My example for making a user specify a QoS:
local asc_qos = job_desc.qos
if asc_qos == nil then
asc_error = asc_error + 1
asc_error_verbose = string.format("%s\nJob must request a QoS using
the --qos= flag.\n",asc_error_verbose)
asc_qos = "invalid"
end
I'd be more than happy to share my job_submit.lua if anyone is
interested. I only ask that you share yours back.
--
Nicholas McCollum
HPC Systems Administrator
Alabama Supercomputer Authority
On Tue, 2017-06-27 at 14:30 -0600, Nathan Vance wrote:
> Darby,
>
> The "job_submit.lua: initialized" line in slurm.conf was indeed the
> issue.
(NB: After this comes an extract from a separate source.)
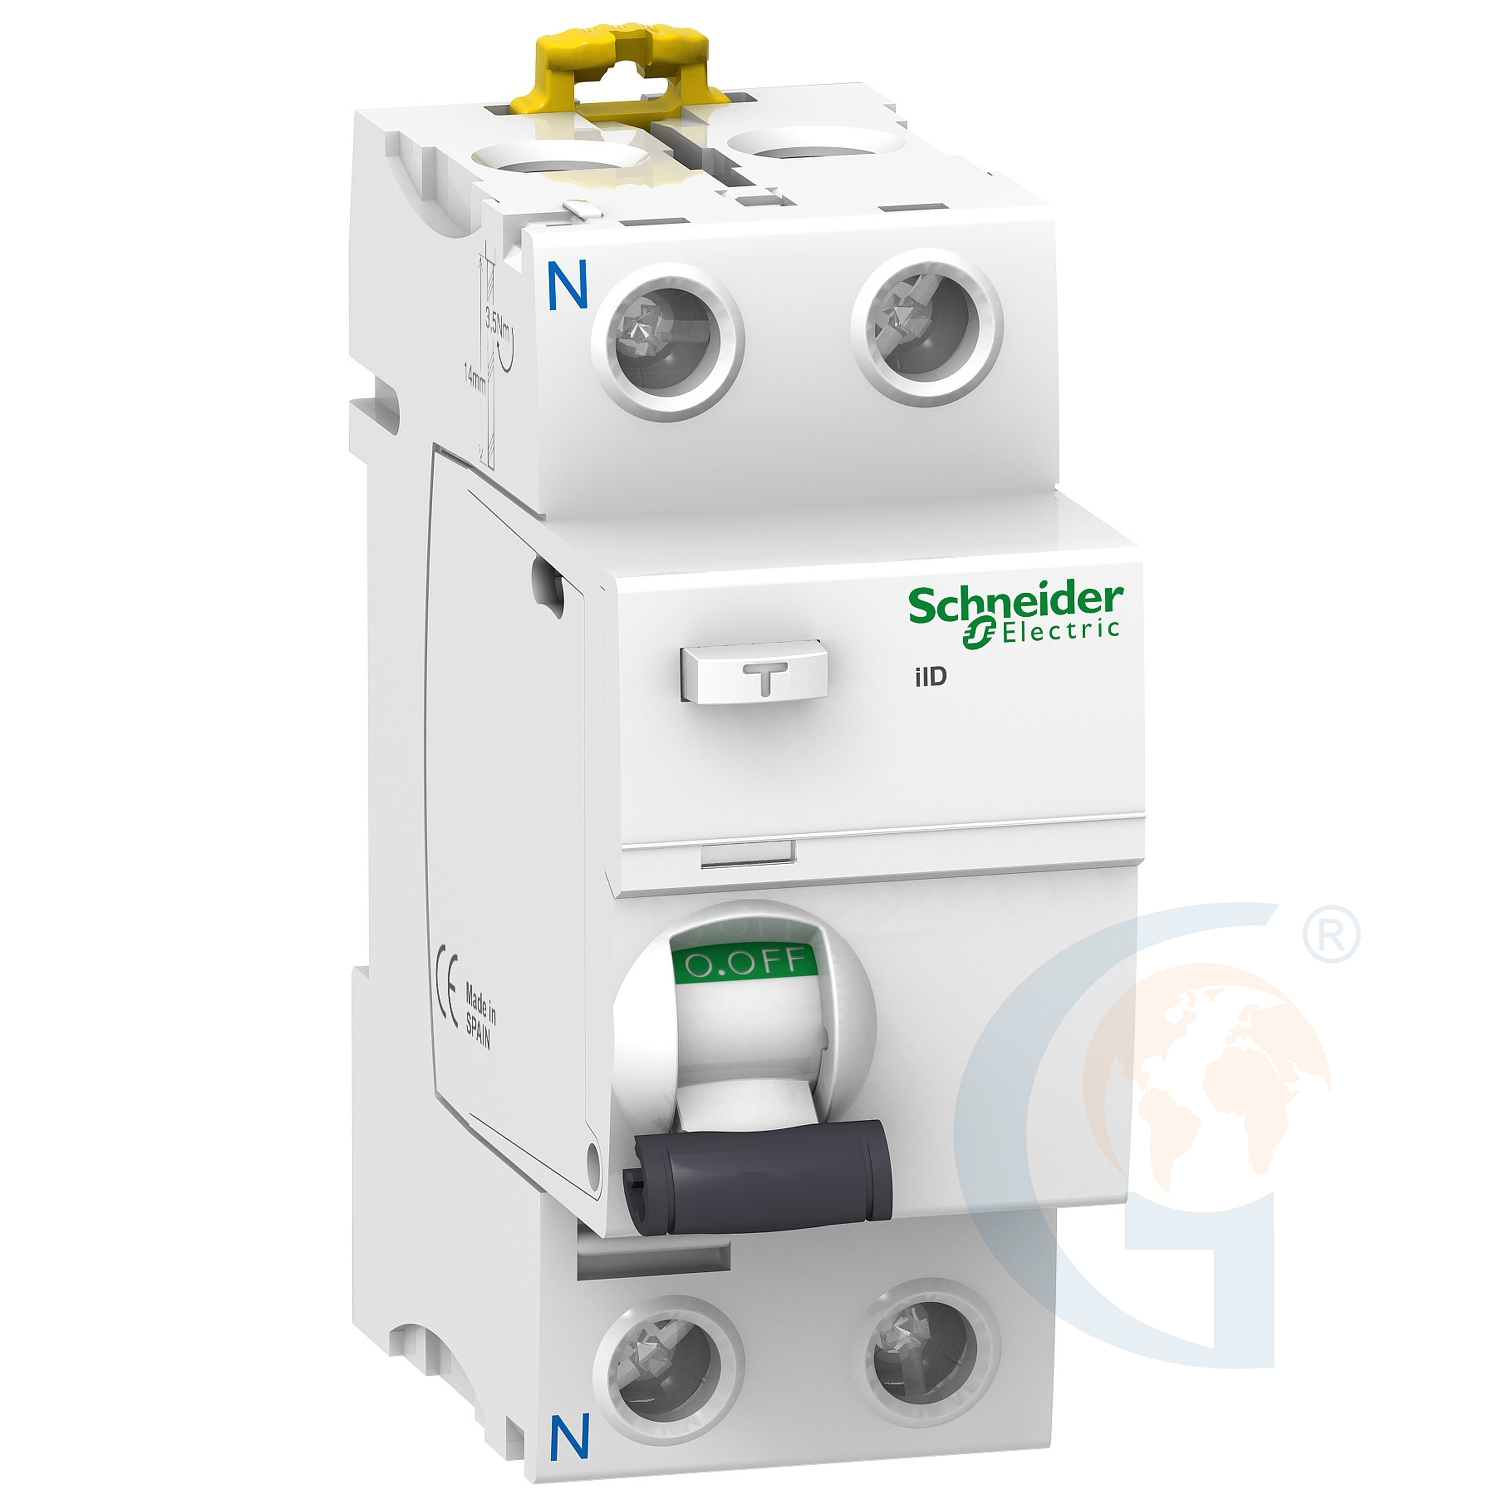 Schneider Electric A9R20216 ACTI 9 IID – RCCB – 2P – 16A – 10MA – TYPE A https://gesrepair.com/wp-content/uploads/2020/Schneider/Schneider_Electric_A9R20216_.jpg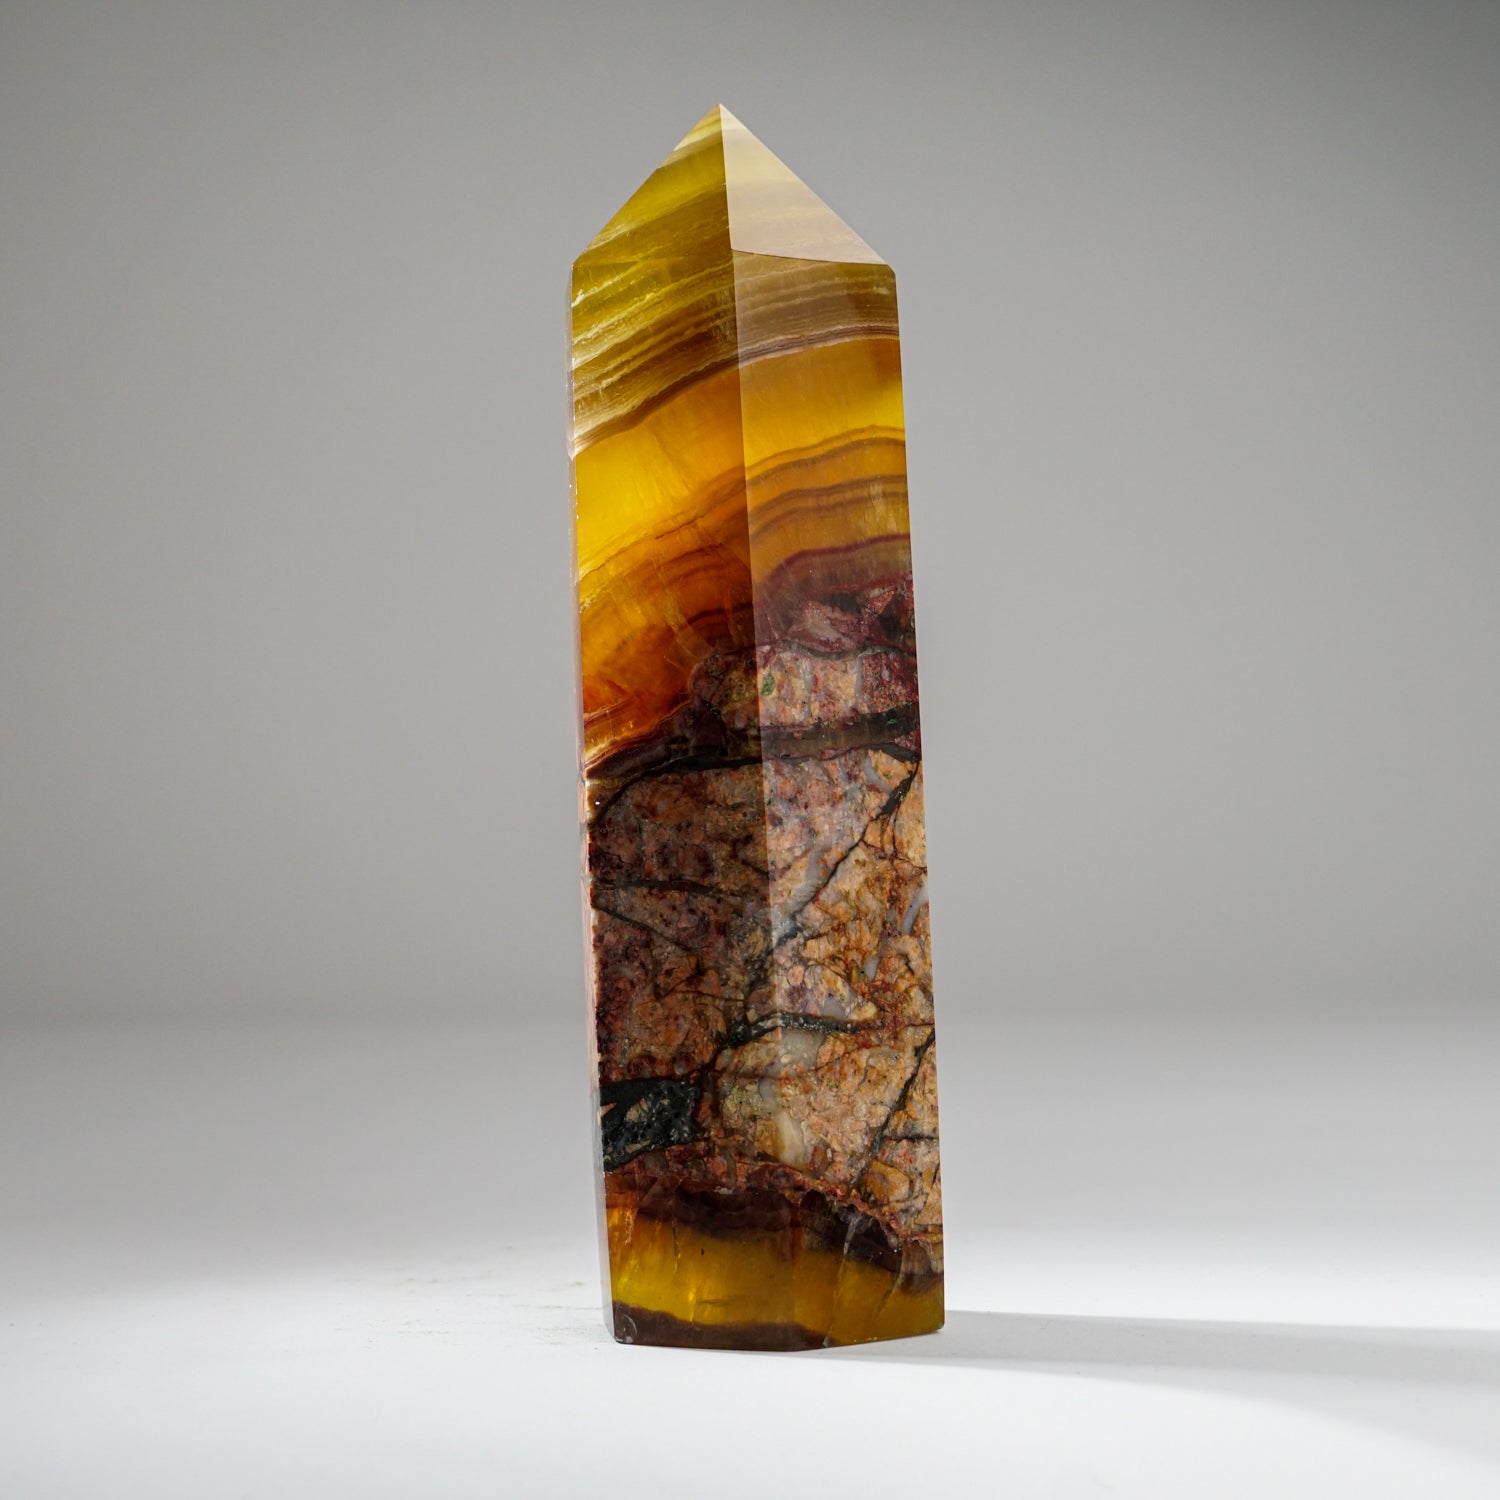 Genuine Polished Yellow Fluorite Point from Argentina (2.2 lbs)

When compiling slurm I only got the "yes lua" line without the
> flags, but that seems to be just a difference in OS's.
>
> Now that I have debugging feedback I should be good to go!
>
> Thanks,
> Nathan
>
> On 27 June 2017 at 16:13, Vicker, Darby (JSC-EG311) <darby.vicker-1@n
> asa.gov> wrote:
> > We recently started using a lua job submit plugin as well. You
> > have to have the lua-devel package installed when you compile
> > slurm. It looks like you do (but we use RHEL the package name is
> > lua-devel) but confirm that you see something like these in
> > config.log:
> >
> > configure:24784: result: yes lua
> > pkg_cv_lua_LIBS='-llua -lm -ldl '
> > lua_CFLAGS=' -DLUA_COMPAT_ALL'
> > lua_LIBS='-llua -lm -ldl '
> >
> > Do you have this in your slurm.conf?
> >
> > JobSubmitPlugins=lua
> >
> > I'm guessing not given you don't see anything in the logs. Before I
> > got all the errors worked out, I would see errors like this in
> > slurmctld_log:
> >
> > error: Couldn't find the specified plugin name for job_submit/lua
> > looking at all files
> > error: cannot find job_submit plugin for job_submit/lua
> > error: cannot create job_submit context for job_submit/lua
> > failed to initialize job_submit plugin
> >
> >
> > After getting everything working, you should see this:
> >
> > job_submit.lua: initialized
> >
> > As well as any other slurm.log_info messages you put in your lua
> > script.
> >
> >
> > From: Nathan Vance <[email protected]>
> > Reply-To: slurm-dev <[email protected]>
> > Date: Tuesday, June 27, 2017 at 12:15 PM
> > To: slurm-dev <[email protected]>
> > Subject: [slurm-dev] Job Submit Lua Plugin
> >
> > Hello all!
> >
> > I've been working on getting off the ground with Lua plugins. The
> > goal is to implement Torque's routing queues for SLURM, but so far
> > I have been unable to get SLURM to even call my plugin.
> >
> > What I have tried:
> > 1) Copied contrib/lua/job_submit.lua to /etc/slurm/ (the same
> > directory as slurm.conf)
> > 2) Restarted slurmctld and verified that no functionality was
> > broken
> > 3) Added slurm.log_info("I got here") to several points in the
> > script. After restarting slurmctld and submitting a job, grep "I
> > got here" -R /var/log found no results.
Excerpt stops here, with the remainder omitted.